Preserving the specimens involves collecting, identifying, pressing, and mounting plant material.
Sometimes people use plastic bags, pencil boxes, and lunch tins to collect specimens. One tool is made specially for the collection of vascular plants: a vasculum. A vasculum helps maintain the plant in a cool, humid environment until it can be pressed. Typically it is a flattened cylindrical metal case with a lengthwise opening.
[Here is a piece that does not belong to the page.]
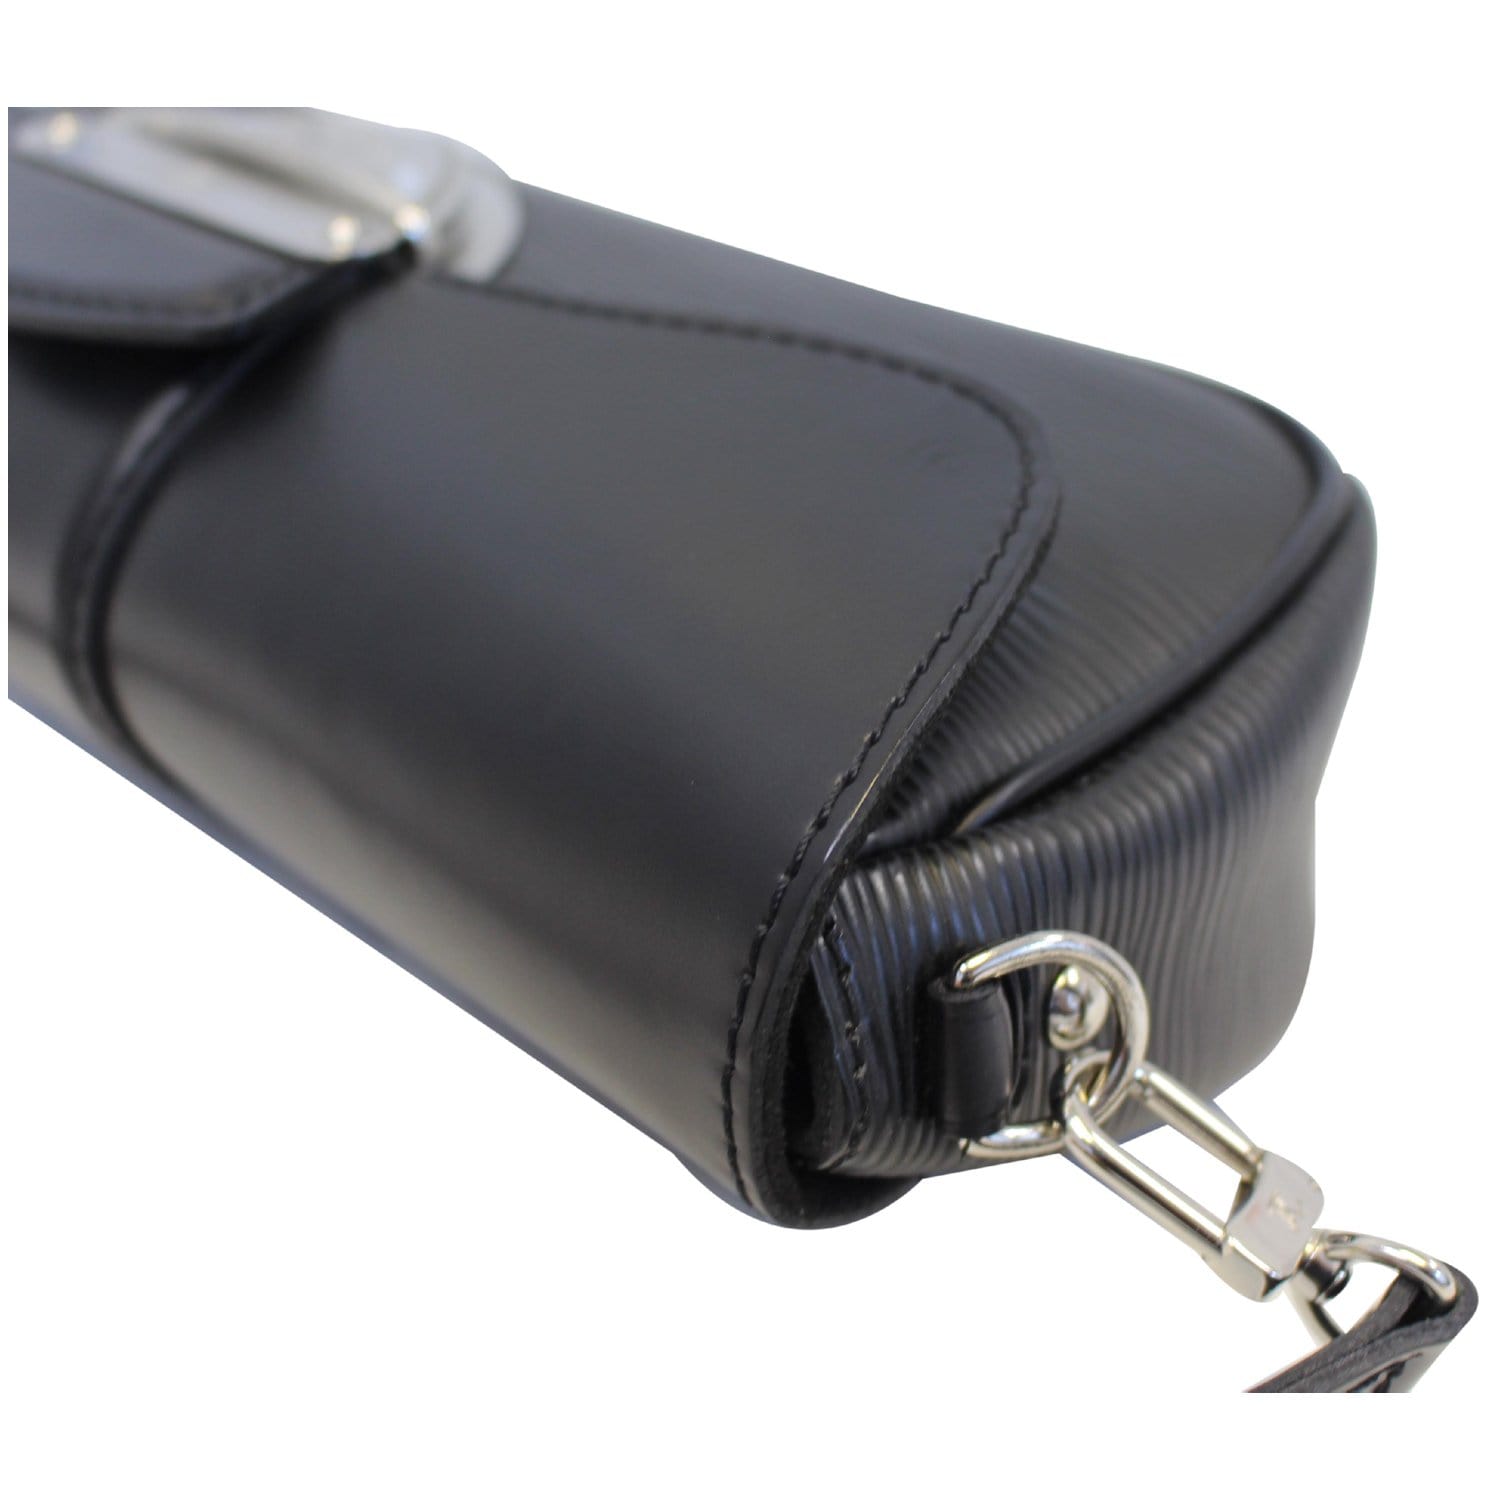 Louis Vuitton Rubis Epi Leather Montaigne Clutch Bag For Sale at

When identifying a specimen, the stewardship team will include information like the coordinates, habitat type, and nearby plants. On the mounting sheet, they will label the specimen with the plant’s collection number, scientific name, common name(s), family, date, and names of the people who collected and officially identified the plant.
Pressing can take the form of a “sandwich” of cardboard and paper held tightly together with straps to flatten and dry the collected plant. You can buy a plant press whose dimensions are slightly larger than an official mounting sheet. The standard U.S. herbarium sheet is 11 ¾ by 16 ½ inches, made of acid-free paper. In a pinch, you can even press plants in the pages of a heavy book and leave them there to dry.
The entire process is educational because it requires looking closely at plants’ features and behaviors. The herbarium promises to be a key teaching tool for understanding native and invasive plant species.
This growing library of knowledge will inform conservation efforts now and into the future, just as E. Lucy Braun’s specimens are still an invaluable resource nearly a century later.